IEC 60794-4:2018 pdf download – Optical fibre cables – Part 4: Sectional specification – Aerial optical cables along electrical power lines.
3 Terms, definitions, symbols and abbreviated terms For the purposes of this document, the terms, definitions, symbols and abbreviated terms given in IEC 60794-1 -1 apply. ISO and IEC maintain terminological databases for use in standardization at the following addresses: • IEC Electropedia: available at http://www.electropedia.org/ • ISO Online browsing platform: available at http://www.iso.org/obp 4 Optical fibre 4.1 General Single-mode optical fibre which meets the requirements of IEC 60793-2 shall be used. Fibres other than those specified above can be used, if mutually agreed between the user and the supplier. 4.2 Attenuation 4.2.1 Attenuation coefficient The typical maximum cable attenuation coefficient shall conform to IEC 60794-1 -1 . Particular values may be agreed between the customer and supplier. The attenuation coefficient shall be measured in accordance with IEC 60793-1 -40. 4.2.2 Attenuation uniformity-attenuation discontinuities Point discontinuities shall be measured in accordance with IEC 60793-1 -40, method C, and conform to IEC 60794-1 -1 . 4.3 Cut-off wavelength of cabled fibre For single mode fibre, the cabled fibre cut-off wavelength, λ cc , shall be less than the operational wavelength, when measured in accordance with IEC 60793-1 -44, and conform to IEC 60794-1 -1 . 4.4 Fibre colouring If the primary coated fibres are coloured for identification, the coloured coating shall be readily identifiable throughout the lifetime of the cable and shall be a reasonable match to IEC 60304.
4.5 Polarization mode dispersion (PMD) Cabled single-mode fibre PMD shall be measured in accordance with IEC 60793-1 -48 and conform to IEC 60794-1 -1 . 5 Cable element 5.1 General Generally, optical cables comprise several elements or individual constituents, depending on the cable design, which take into account the cable application, operating environment and manufacturing processes, as well as the need to protect the fibre during handling and cabling.
The material(s) used for a cable element shall be selected to be compatible with the other elements in contact with it. An appropriate compatibility test method shall be defined in the family or detail specification. When the fibres are in contact with a filling compound, the compatibility of the filling compound with the fibre coating shall be demonstrated by testing coating stripping force stability after accelerated ageing in accordance with IEC 60794-1 -21 , method E5. Alternative ageing conditions and tests may be agreed between the customer and supplier. Optical elements are cable elements containing optical fibres and are designed to be a primary functional unit of the cable core.
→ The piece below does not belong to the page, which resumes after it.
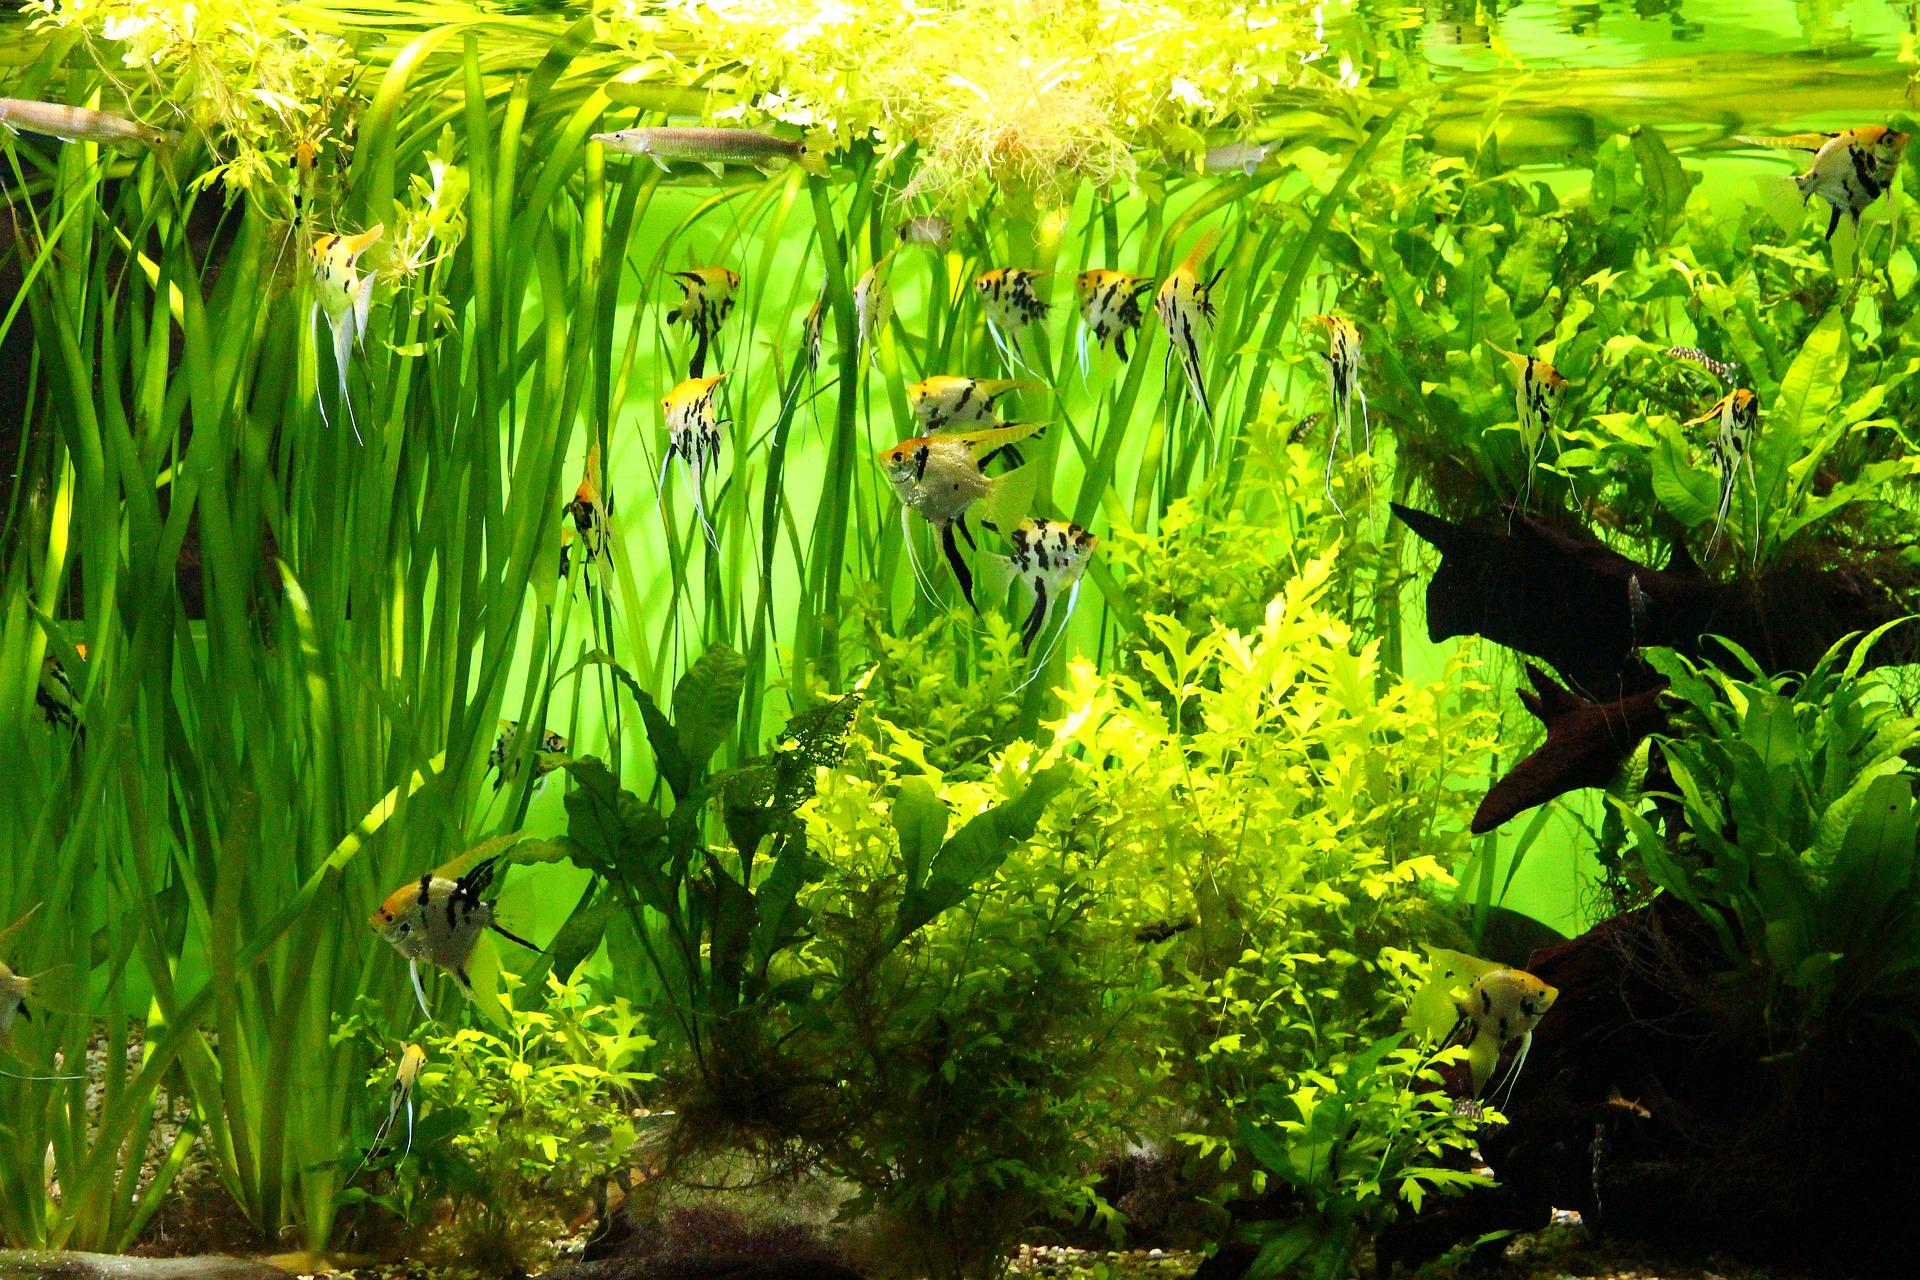 Ryby wśród bujnej, zielonej roślinności akwariowej.

They may comprise any of the cable elements described below. Optical elements and each fibre within a cable element shall be uniquely identified, for example, by colours, a positional scheme, markings, tapes, threads or specified in the detail specification. Tests may be performed on cable elements either in uncabled form or in finished cable. Unless otherwise specified, testing shall be performed on cable elements in a finished cable. This means that testing shall be performed only on a finished cable if the cable element manufacturing operation is done by the same manufacturer as the cabling operation. Testing shall be performed on cable elements only if the cable element is supplied by a third party; this does not exclude testing of the finished cable. Different types of optical elements are described below.
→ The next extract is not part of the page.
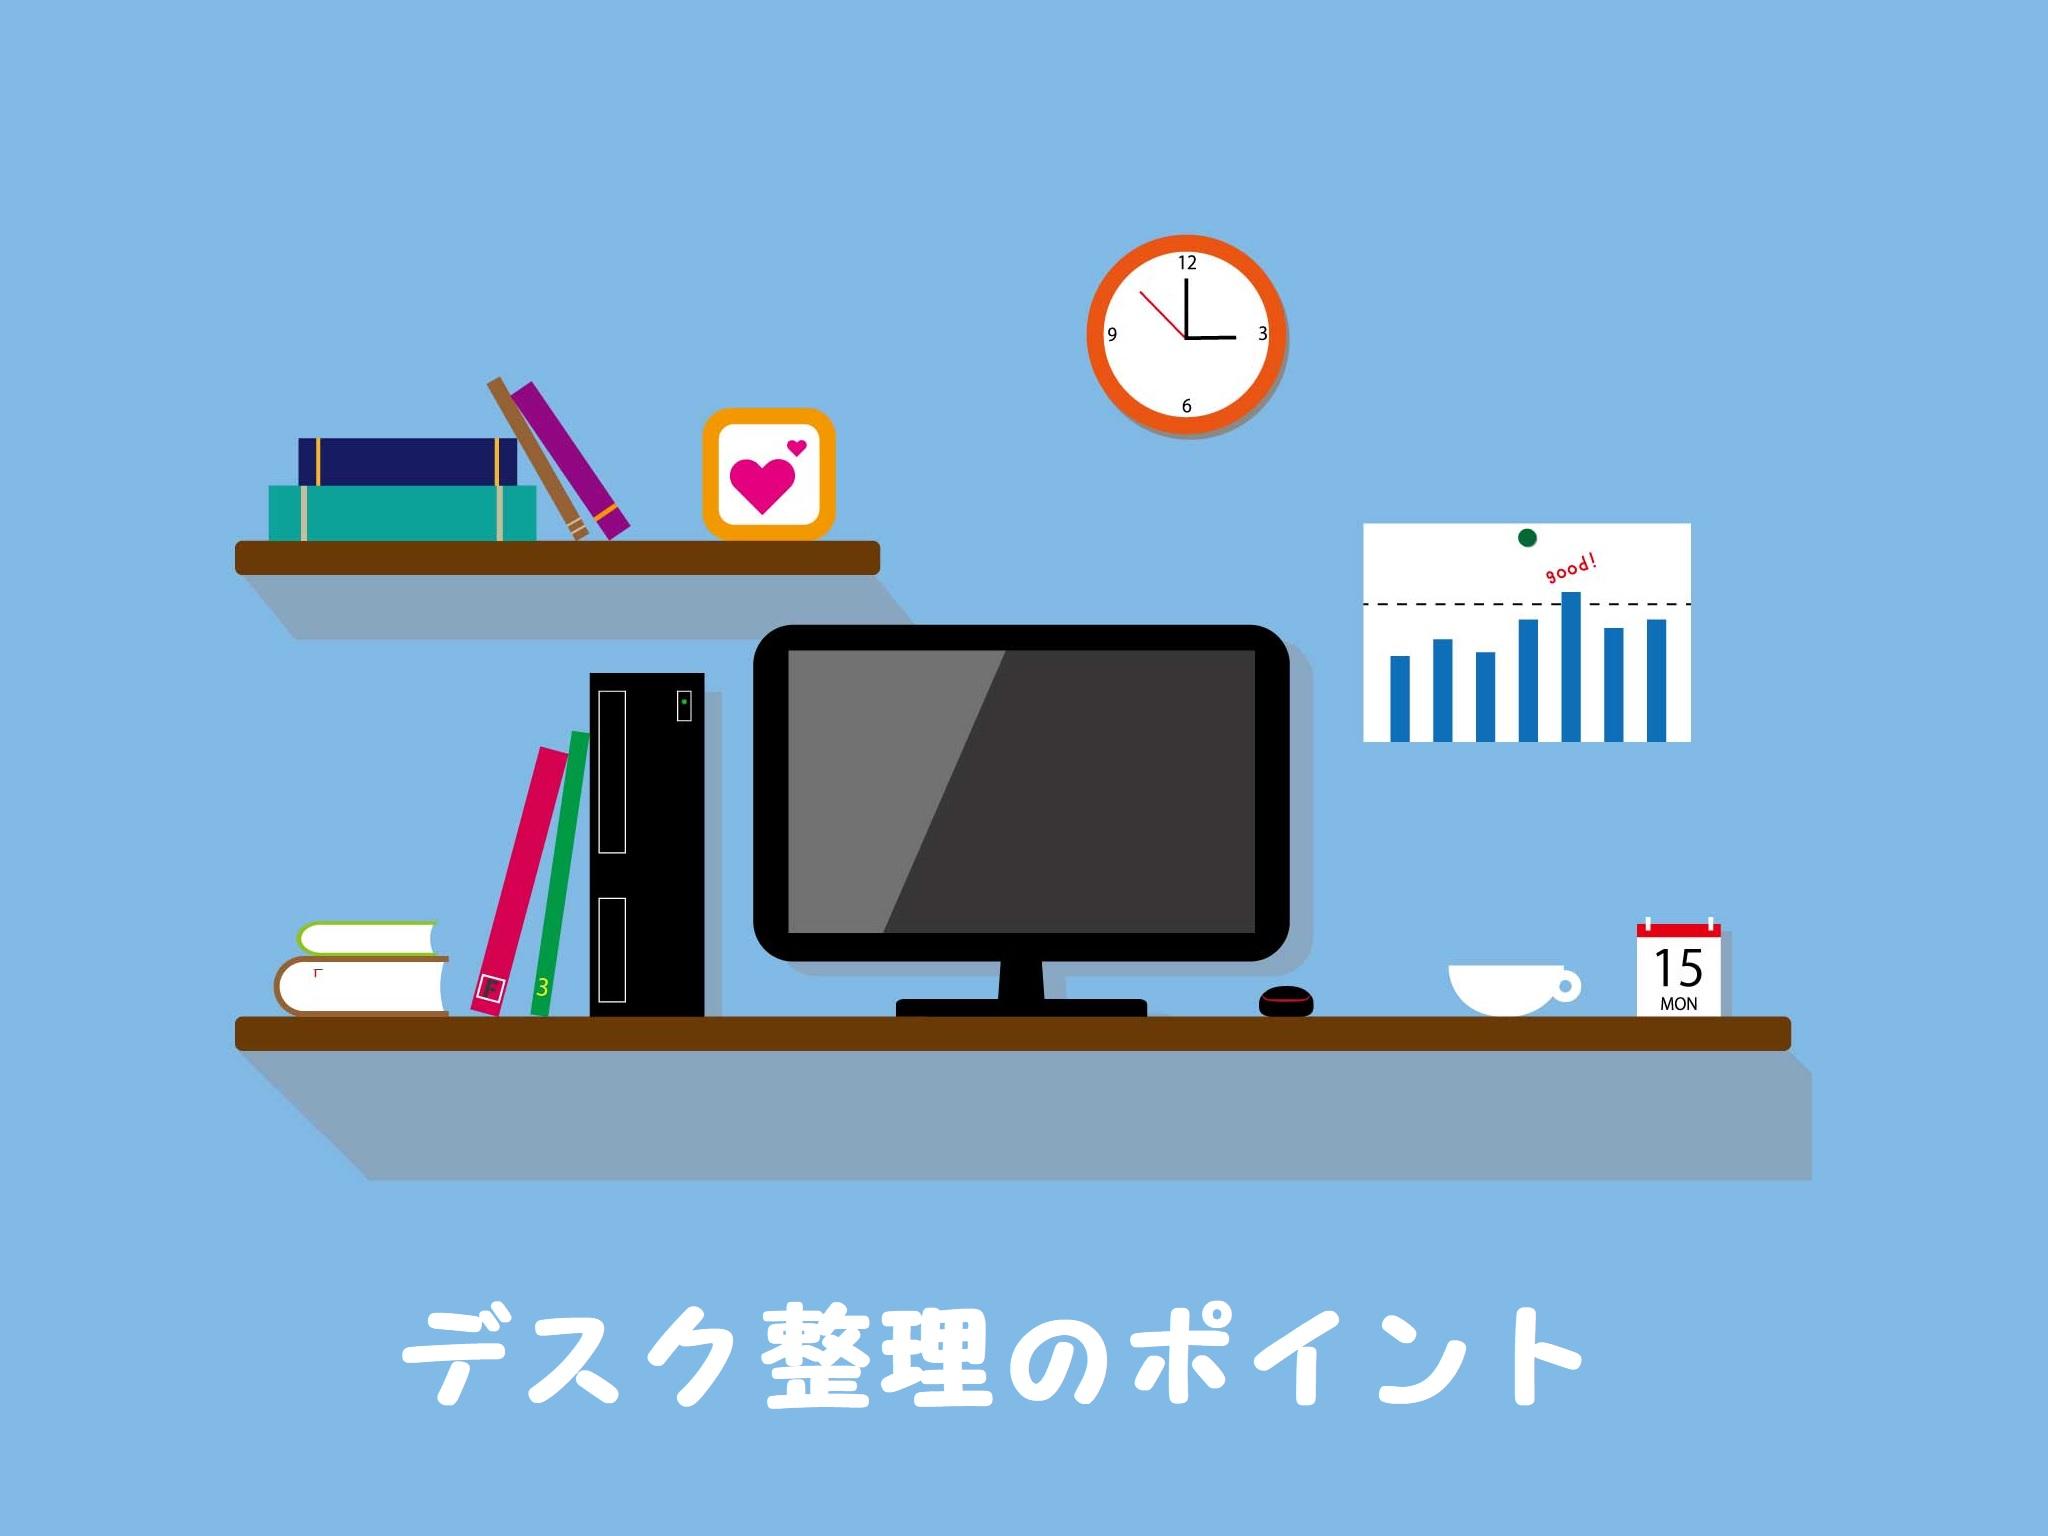 【デスク整理】作用効率アップ!キレイな机で仕事の時間短縮を!

5.2 Slotted core The slotted core is obtained by extruding a suitable material (for example polyethylene or polypropylene) with a defined number of slots, providing helical or SZ configuration along the core. One or more primary coated fibres or optical element is located in each slot which may be filled. The slotted core usually contains a central element which may be either metallic or non- metallic. In this case, there shall be adequate adhesion between the central element and the extruded core in order to obtain the required temperature stability and tensile behaviour for the slotted core element. The profile of the slot shall be uniform and shall ensure the optical and mechanical performance required for the optical cable.